Ahora bien, el fin del franquismo, en noviembre de 1975, dio lugar a un proceso de Transición. Se buscó una manera de reconducir las aguas de la Historia hacia un lugar más saludable, pero sin quebrantos. Las heridas mal cicatrizadas de la Guerra Civil pendían en el imaginario social y las decisiones políticas que se tomaron buscaron una manera de evitar reabrirlas. Se demolió el aparato franquista de una manera elegante, sin reproches. Aunque se produjo una ruptura institucional, pasando de ser un Estado corporativo a un Estado democrático, también se buscó la manera de hacer creer a los viejos adalides del régimen que había sido una transformación natural. O lo que es lo mismo, que el franquismo había sido quien había preparado el terreno para lo que había de llegar. No fue así, insisto, pero fue una manera apacible (dentro de las violencias y resistencias que se dieron) y aceptable para proceder al cambio. Si bien, sobre el papel, Juan Carlos I fue el heredero de Franco, juró las Leyes del Movimiento y apostó por la vía democrática. Es aquí donde la historia se complica.
Entonces, ¿qué fue? ¿Cambio o ruptura política? Fue un poco de ambas. Se hizo pensar que era un cambio, cuando, en el fondo, se producía una ruptura. Sin embargo, el viejo régimen no se condenó, los represores murieron en sus camas, ningún responsable de las políticas criminales fue encausado, nada, se habló y mucho sobre la contienda, como tan bien señalaría Santos Juliá, fue un momento de intensa memoria, pero fue una reconciliación por omisión. Sin embargo, aquí es donde el nacionalismo vasco se apoderó definitivamente en exclusiva del simbolismo del bombardeo. Si Gernika nacía y se erigía, en los años 30, como el recurrente icono del terror fascista, en los 70, tras la disolución del Gobierno republicano en el exilio, para el mundo nacionalista significa el ataque de España contra su voluntad independentista. Por lo tanto, consideraría y exigiría el perdón de Madrid.
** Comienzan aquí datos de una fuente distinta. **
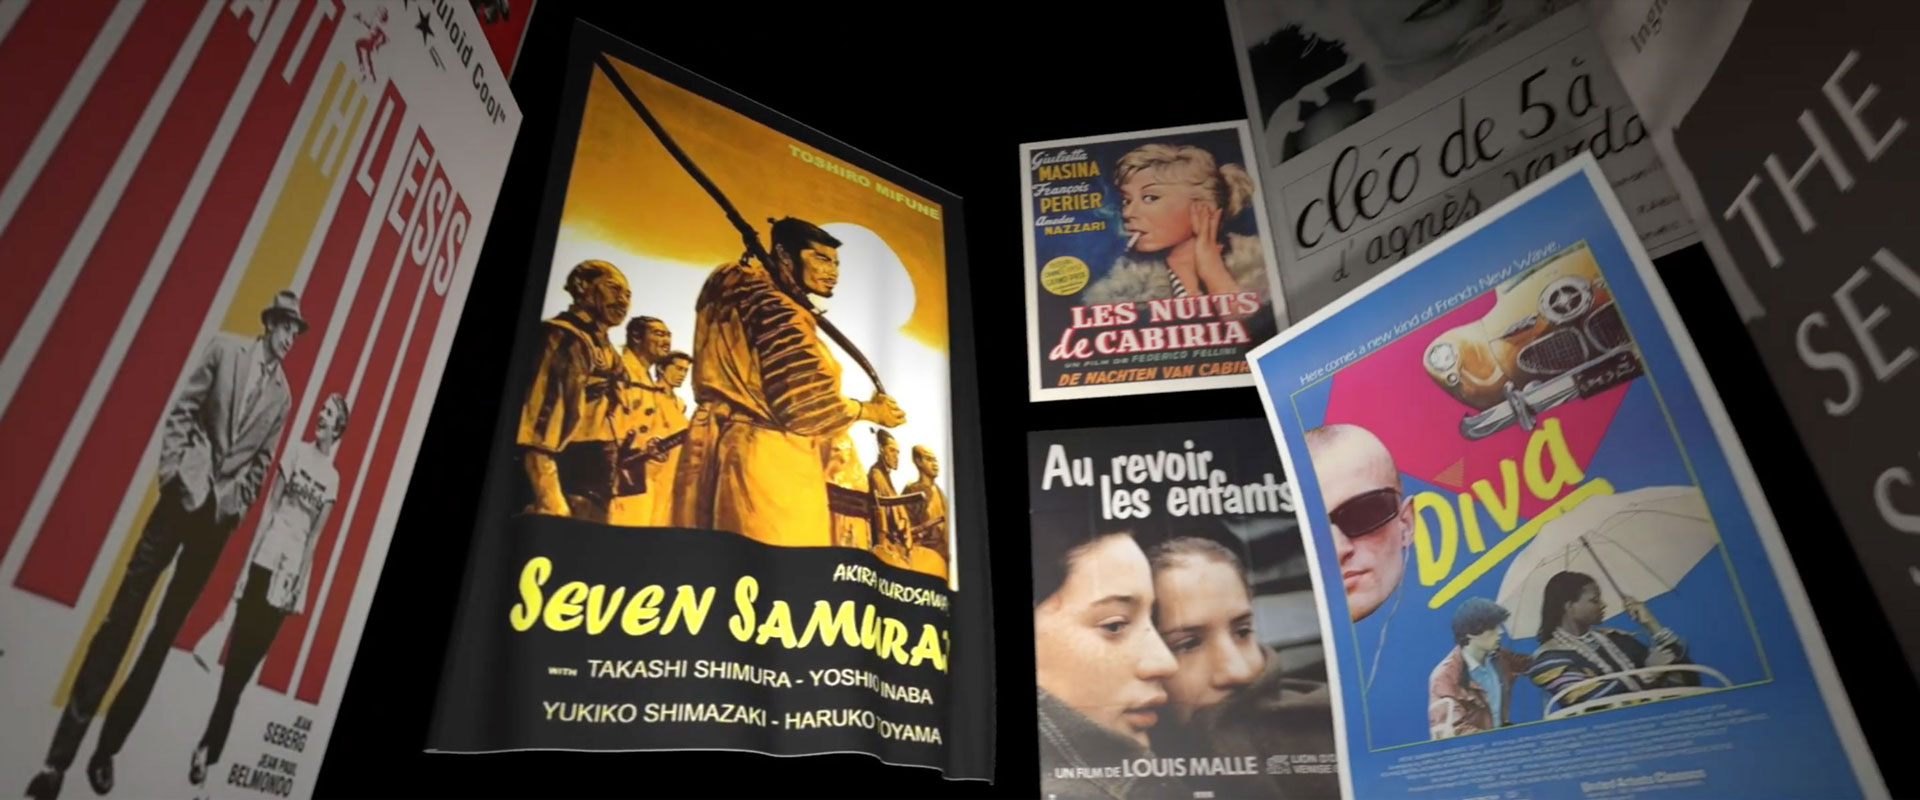 Classic film lobby cards for BREATHLESS, THE SEVENTH SAMURAI, DEVO and others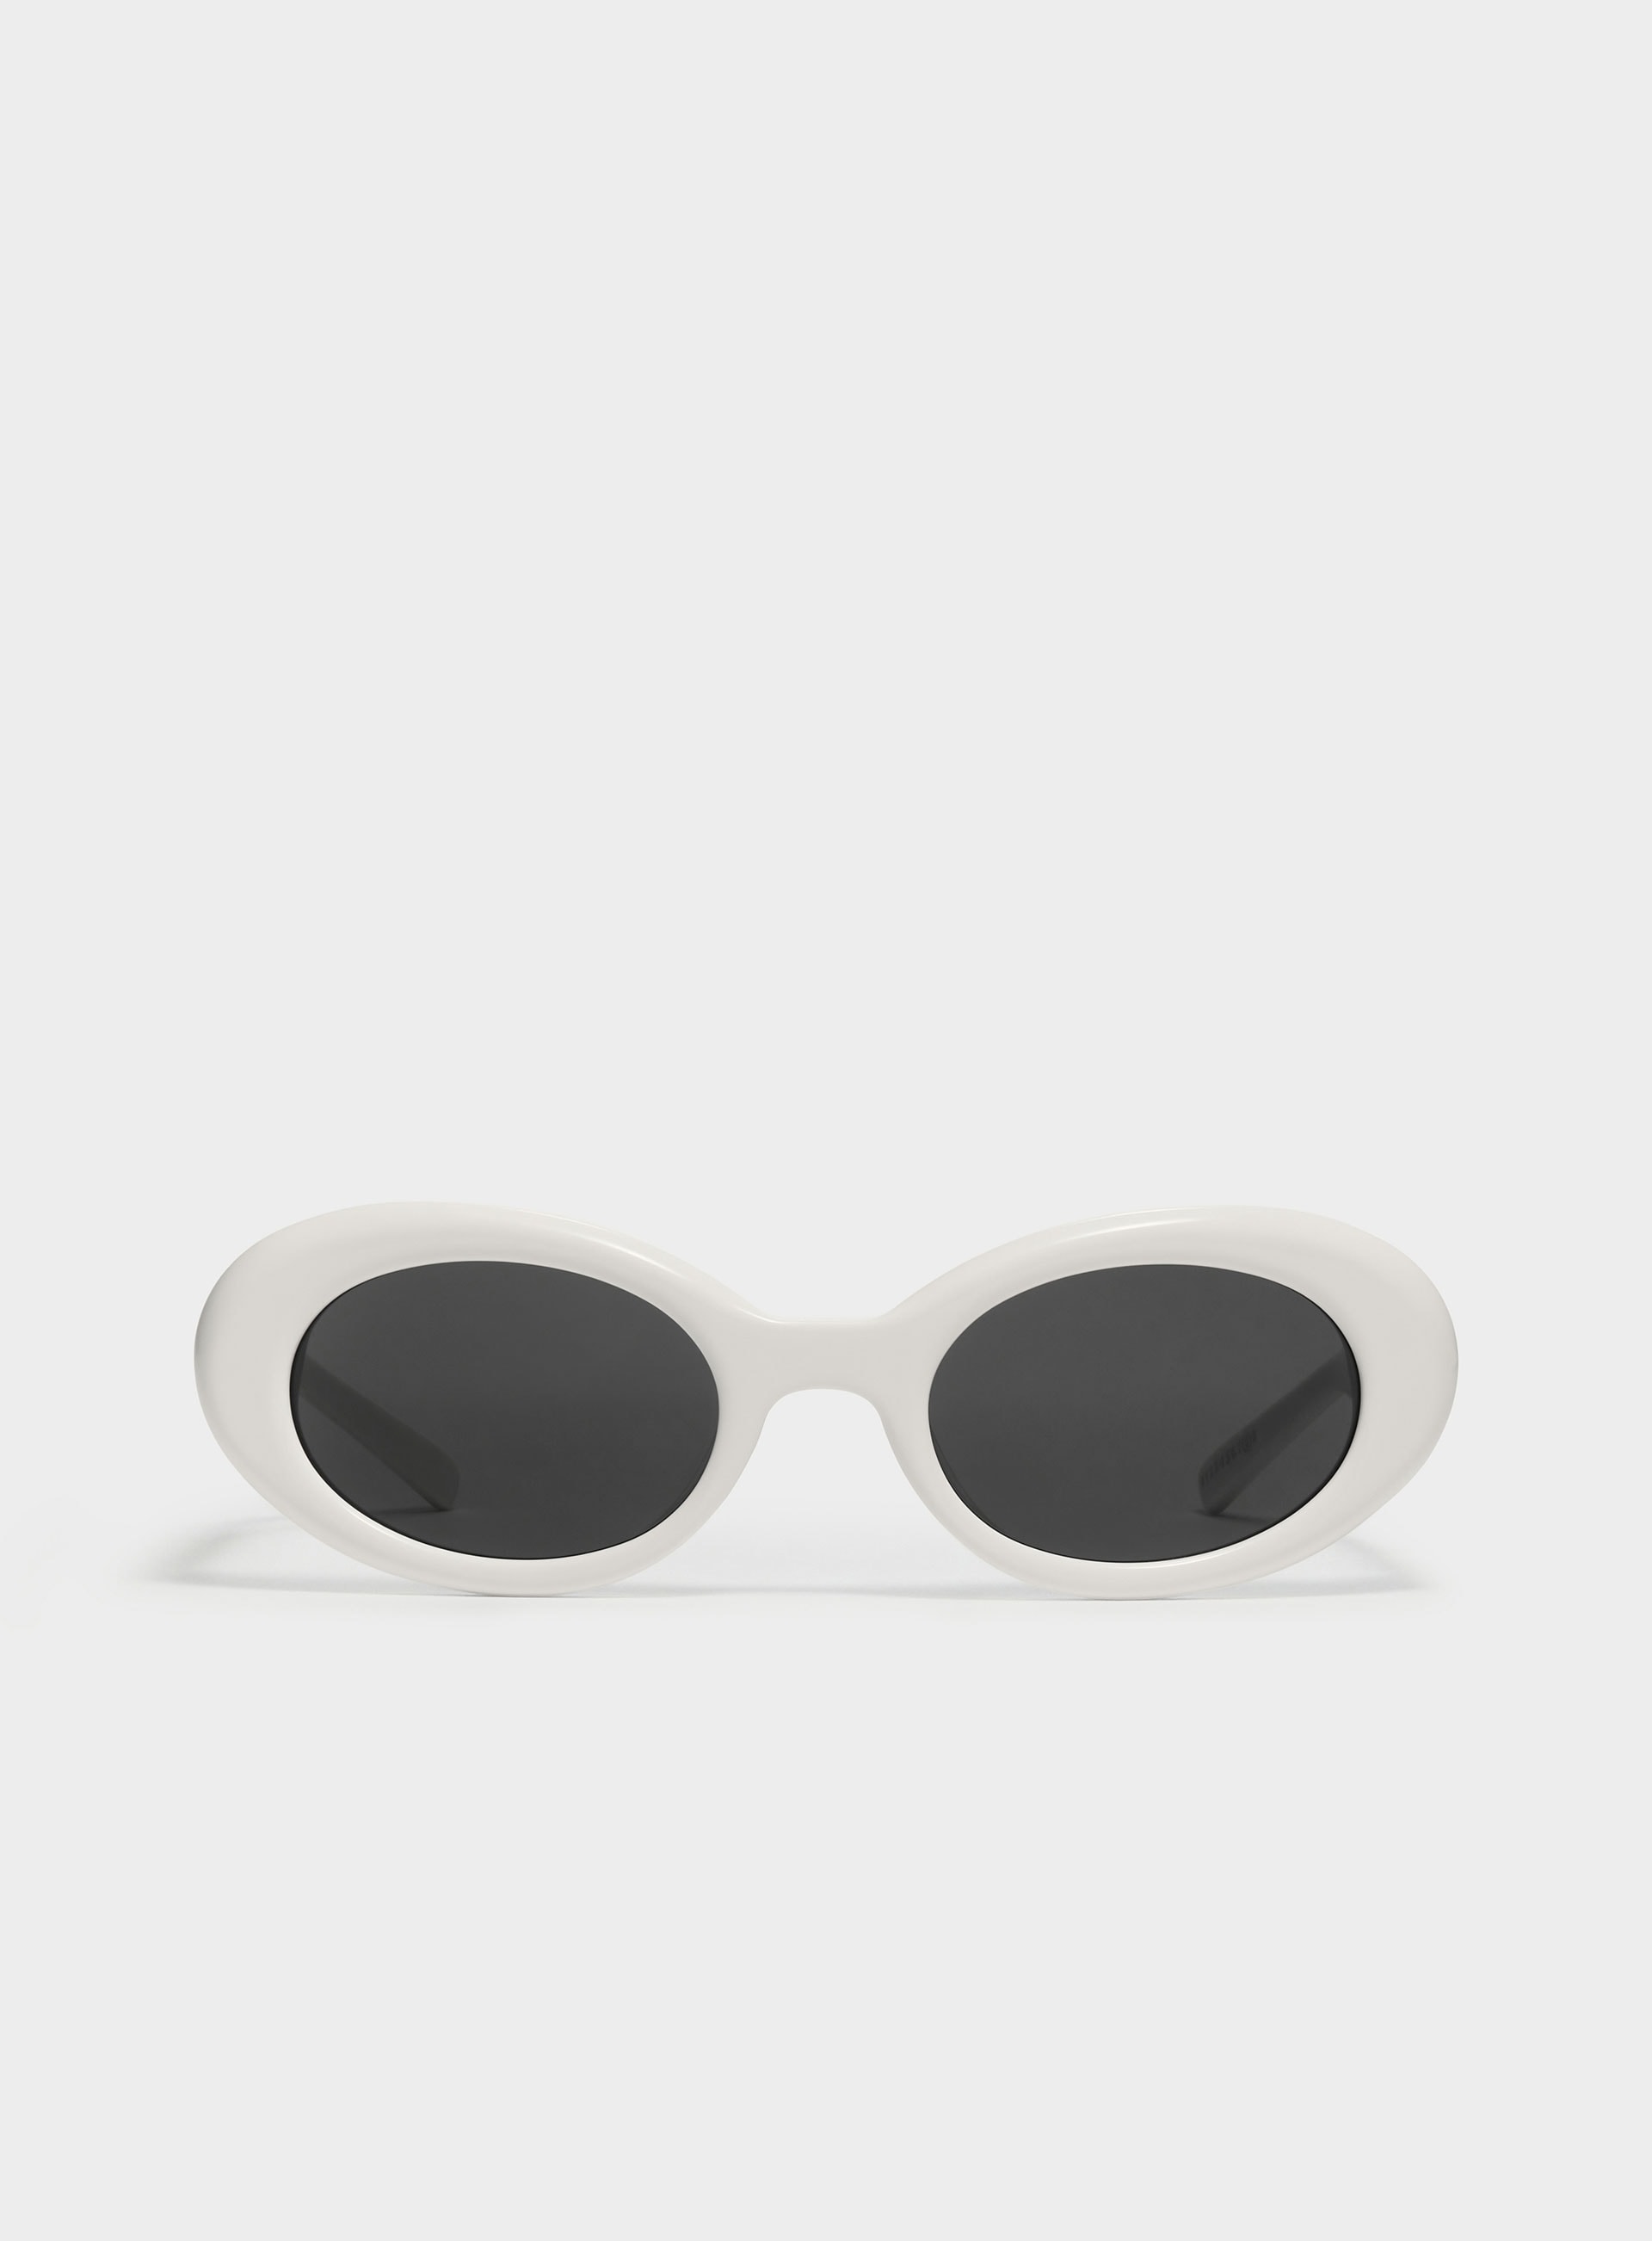 Sunglasses | GENTLE MONSTER Official Site

Dentro de la lógica nacionalista, el que un Gobierno central acceda a acometer este paso, sería un éxito. No pierde nada y lo haga todo, su apropiación del bombardeo sería total y absoluta. Pero Gernika no solo pertenece al nacionalismo vasco, sino a todos los españoles. Cuando Vox reaccionó a la mención de Zelenski de forma airada sacando a relucir la matanza de Paracuellos, nos dimos cuenta de lo poco que se ha conseguido a la hora de constituir una memoria justa o, por lo menos, sensata de la contienda, cayendo en el mismo disparate, como si la Guerra Civil siguiese activa en el frente de la propaganda, la España contra la anti-España, aunque ahora, habría que saber quién defiende qué… desde luego, Vox representa la anti-España, porque estigmatiza a una parte de la sociedad.
En todo caso, ni el Gobierno vasco, ni el PNV ni la familia nacionalista tienen derecho a reclamar al Estado un perdón que se debería ofrecer así mismo, porque el bombardeo fue provocado por los sublevados quienes de forma ilegítima se habían rebelado contra el legítimo Gobierno de la nación. Hubo otros bombardeos a lo largo y ancho de la península protagonizados por las tropas nacionales, pero ninguno alcanzaría tal notoriedad, ni fue negado con tanto énfasis, revelando la incapacidad de la dictadura de Franco de asumir sus propios horrores. Es, por eso, que volver a la carga sobre este asunto por parte de los jeltzales no solo es indigno sino lamentable. Si la obstinación de Franco de no aceptar y asumir la responsabilidad fue lo que convirtió a Gernika en lo que es hoy, tristemente, que un partido demócrata manipule la Historia para sus fines es igual de atroz, porque desvela lo poco o nada que se ha aprendido.
A estas alturas, ya no es una cuestión de historia e ideologías sino de dignidad a preservar: la de las víctimas. Pues la única manera de rendirles un sincero, perpetuo y sentido tributo es apelando y garantizando la justicia, la verdad y la paz.